Now I’m no conspiracy theorist and I do generally believe that Google does try to live by its “Don’t Be Evil” corporate motto. But let’s face it, Google is now a multi-billion dollar public company, that, like any business with lots of investors, is in business to make money. And the thing Google uses to make money with is our data. So to expect them NOT to use the data they’ll collect from the thermostats and other home automation products they’ll create is unreasonable.

How might they use this information? Image this scenario. Just as you are getting back from vacation, you get a call or text from some person or company you’ve never heard of or done business with before.

Hello Mr. Smith,” it will say. “Welcome home! I hope your trip was a good one! We’re calling/texting because we see that your furnace filter is due to be replaced in the next three days. Well right now we’re offering a sale on filters especially made for your Acme Furnace, Model ABC123. And oh by the way, we see that your unit hasn’t been serviced in the last six months. For an extra $69.99 we could send a tech out to your home at 1313 Mockingbird Lane, Mockingbird Heights, New Jersey. From your schedule it looks like Fridays you get home from work early and we do have a 4 p.m. slot open. If that’s not good, we have Saturday appointments also. Since you like to sleep until noon on the weekends, we could schedule it at 1 p.m. if that works better for you.”

If you don’t find the fact that your house just told a complete stranger that you weren’t home and what your normal schedule is down right creepy, I don’t know what will. I try very hard to discourage even my own neighbors from knowing when I’m home or not, so my house won’t be a target of burglars. But with my house blabbing about my schedule to the entire Internet, I just might as well get rid of all timers for my lights and keep my doors unlocked.

Okay, so I’m exaggerating a bit, but the fact that my private schedule will suddenly be public knowledge is no exaggeration.

And I do mean public knowledge.

Because if the recent Target credit card hacking case and Edward Snowden have taught us anything, it’s that no data is completely safe. Make no mistake,  the data coming from Internet-enabled home automation devices like these smart thermostats would be a gold mine to some hacker; low paid, ethically-challenged systems operator or even a government spy agency.

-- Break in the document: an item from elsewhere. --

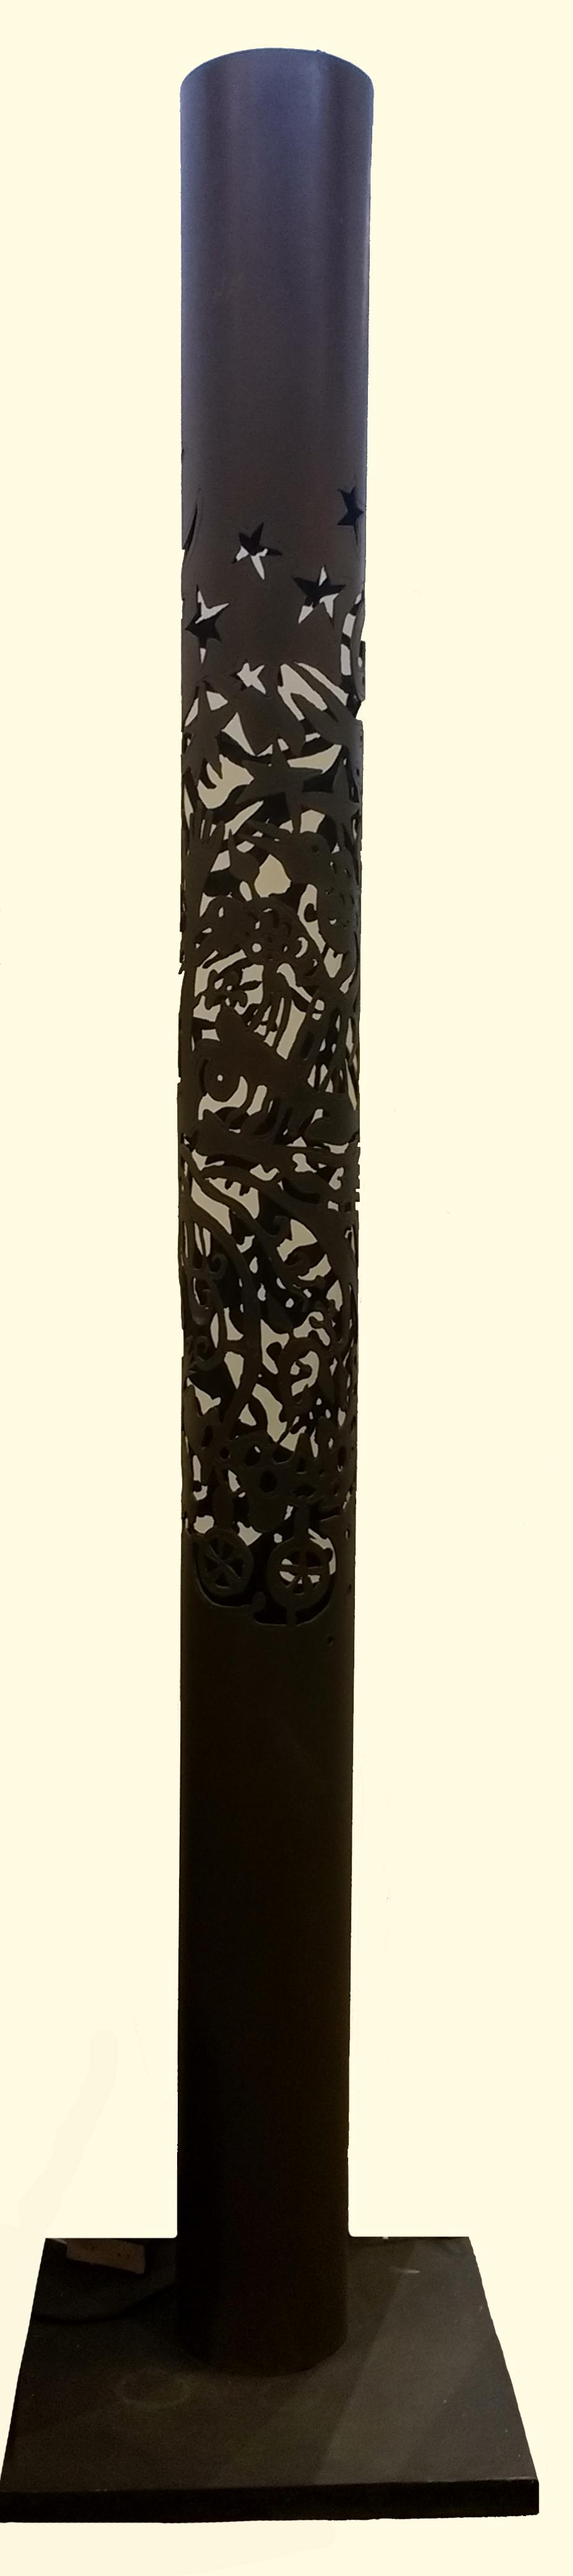 Lámpara Acero corte plasma 248 x 55 x 55

You think the Cryptolocker virus that struck at the end of last year was bad? Now imagine instead of locking up all the data on your computer hard drive and ransoming it back to you, some Internet miscreant hacks into your heating system on the coldest day of the year.

Want your heat back? Then send $25,000 to this PayPal account or freeze!

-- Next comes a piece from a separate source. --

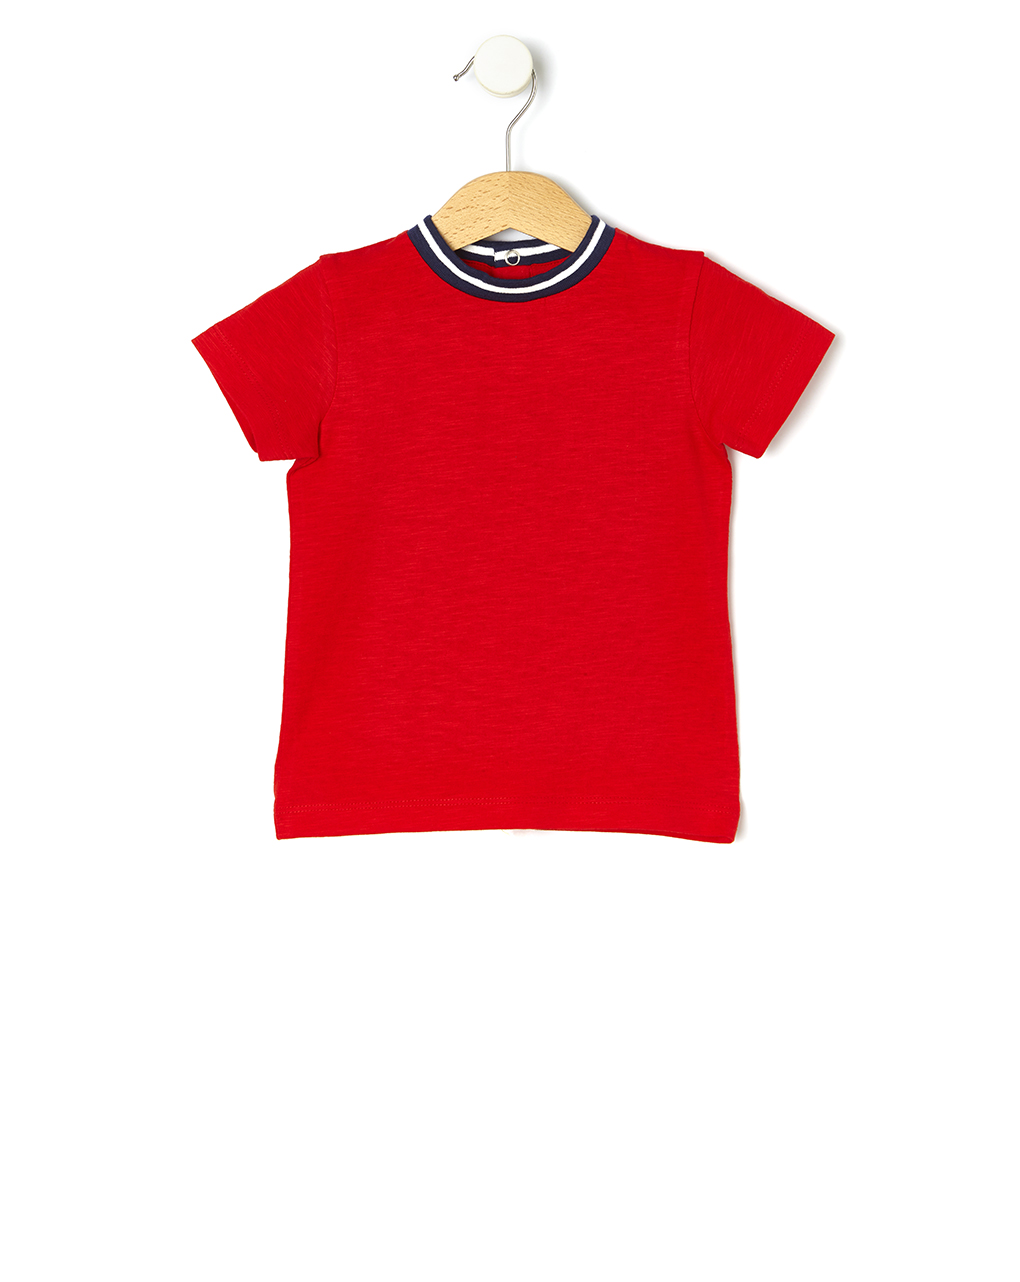 T-shirt in cotone slub - Prénatal

Attacks probably won’t be as blatant or obvious as that. Smarter operators or even our own government could just tap into the data your thermostat sends back to Google and use it to determine when you come and go. Then they could sell that data on some black market to burglary rings looking to target specific zip codes or use it themselves to break into your home when they know you will be out.

I realize all these things are pretty unlikely and there will no doubt be some safeguards on the devices to prevent exactly the sort of abuses I talk about here. But the idea that there will be some gadget or gadgets inside my house, watching me and learning all about my habits and reporting them back to some anonymous, faceless entity – even if it’s for totally “legitimate” purposes – is still creepy. It smacks of the exactly the kind of surveillance state George Orwell warned us about all those years ago.

It’s almost enough to make me want to go back to those carefree, pre-connected days of 1984.